Scalia was born in 1936 in Trenton, N.J., during the height of the Great Depression. His father was an immigrant from Sicily who taught Romance languages at the college level. The family moved to Queens, where Scalia was primarily raised. He attended Xavier High School, a Jesuit school, in Manhattan. He graduated first in his class at Georgetown University in 1957. He attended Harvard Law School, where he was the notes editor for the Harvard Law Review and graduated magna cum laude. After law school, he spent a year traveling abroad in Europe as a Harvard University Sheldon Fellow.
After living in New York, Washington, Boston, and two yearlong trips to Europe, Scalia settled in Cleveland. He worked at Jones Day from 1960-67. While in Cleveland, the Scalias, who were married in 1960, started a family. There are nine Scalia children – Ann, Eugene, John, Catherine, Mary, Paul, Matthew, Christopher, and Margaret – including a lawyer, priest, English professor, and West Point graduate and U.S. Army major who served in Iraq.

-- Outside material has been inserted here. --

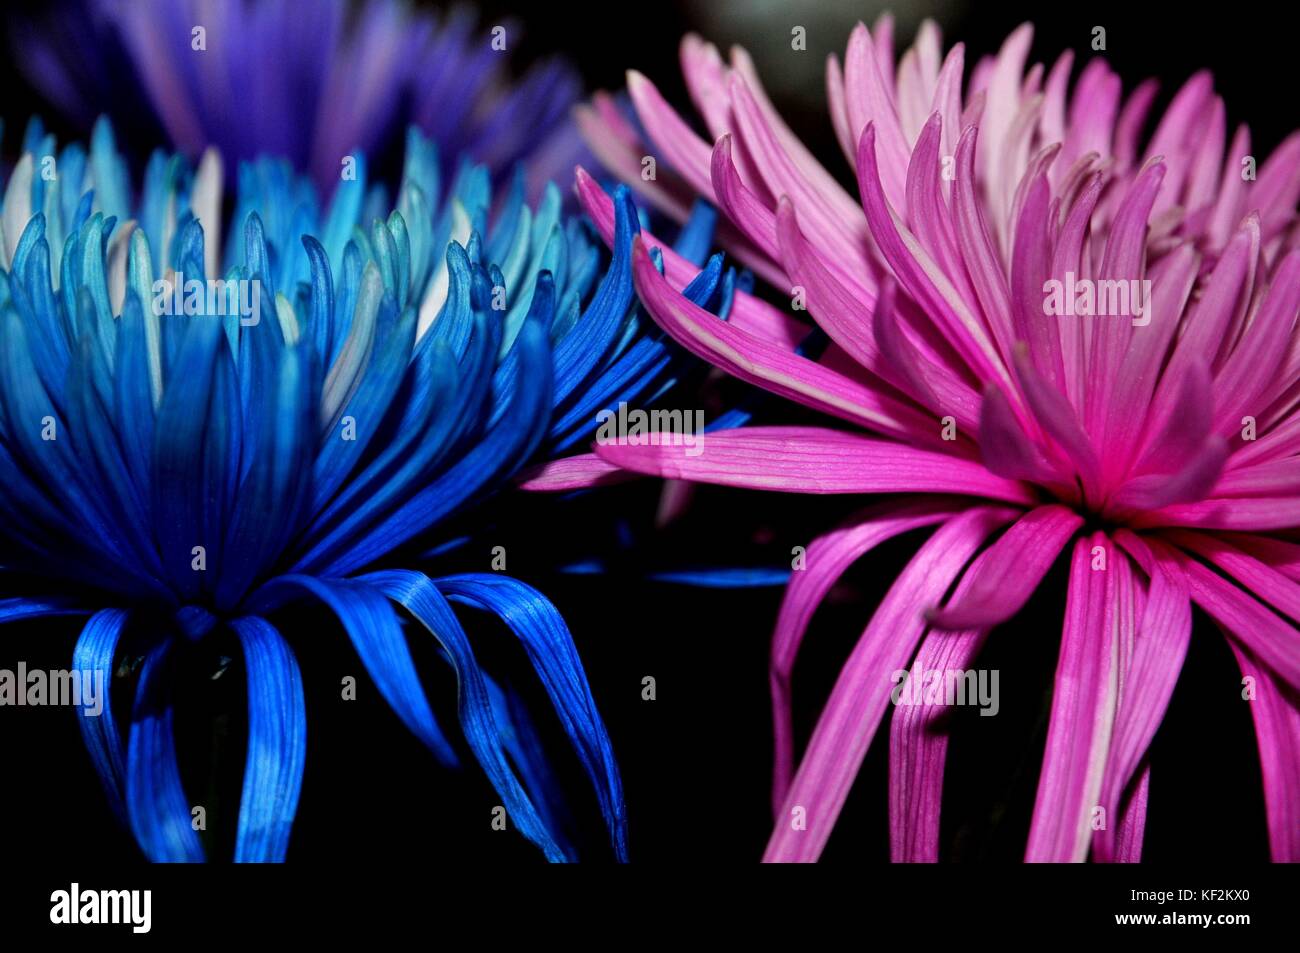 „sei sanft und bleib zusammen“ die blauen und rosa Blüten werden zusammen gehalten, um ein inspirierendes Bild zu schaffen. Stockfoto

Scalia left private practice for academia in 1967, and he bounced between higher education and government service over the next 14 years. He was a law professor at the University of Virginia and University of Chicago and a visiting professor at Georgetown University and Stanford. He also served as the general counsel of the Office of Telecommunications Policy, Executive Office of the President under President Nixon; chairman, U.S. Administrative Conference; and assistant attorney general, Office of Legal Counsel, Department of Justice. He was appointed to the U.S. Court of Appeals, District of Columbia Circuit, by President Reagan in 1982. Four years later, President Reagan nominated Scalia to the United States Supreme Court, where he is currently the second-most senior justice.
Since his tenure on the Supreme Court began, Scalia has participated in a plethora of landmark decisions, including:
• In Planned Parenthood of Southeastern Pennsylvania v. Casey, 505 U.S. 833 (1992), Scalia argued that Roe v. Wade should be overturned because there is no constitutionally cognizable liberty to abort a pregnancy.
• In Lawrence v. Texas, 539 U.S. 558 (2003), he dissented and argued that a Texas statute outlawing sodomy was a rational means to protect the legitimate state interest of preserving sexual morality.
• In Kyllo v. United States, 533 U.S. 27 (2001), Scalia wrote for the majority in a 5-4 decision that held the government could not use thermal imaging to detect the growth of marijuana plants in a home.
• In Crawford v. Washington, 541 U.S. 36 (2004), Scalia interpreted the confrontation clause of the Sixth Amendment to make any “testimonial” out-of-court statements inadmissible if the accused did not have the opportunity to cross-examine that accuser and that accuser was unavailable at trial.
• In R.A.V. v. City of St. Paul, 505 U.S. 377 (1992), Scalia concluded that a “hate speech” statute was unconstitutional because it prohibited speech based on content. He came to the same conclusion in Republican Party of Minnesota v. White, 536 U.S. 765 (2002), which attempted to prohibit candidates for judicial offices from announcing their views on legal or political issues.
• Last term, in District of Columbia v. Heller, 128 S. Ct. 2783 (2008), Scalia found in a 5-4 opinion that the city’s restrictions on handguns violated the Second Amendment.
To help lawyers before the Court, or before any Court, he co-wrote a book in 2008 called Making Your Case: The Art of Persuading Judges. The book includes a play-by-play of how to develop solid arguments, how to write high quality briefs, and what to do, and not do, at oral argument.
Outside of the court room, Scalia’s interests are varied. He is an avid outdoorsman, often hunting and fishing in his spare time. He is also an avid fan of the opera, not only attending but sometimes performing alongside good friend Justice Ruth Bader Ginsburg.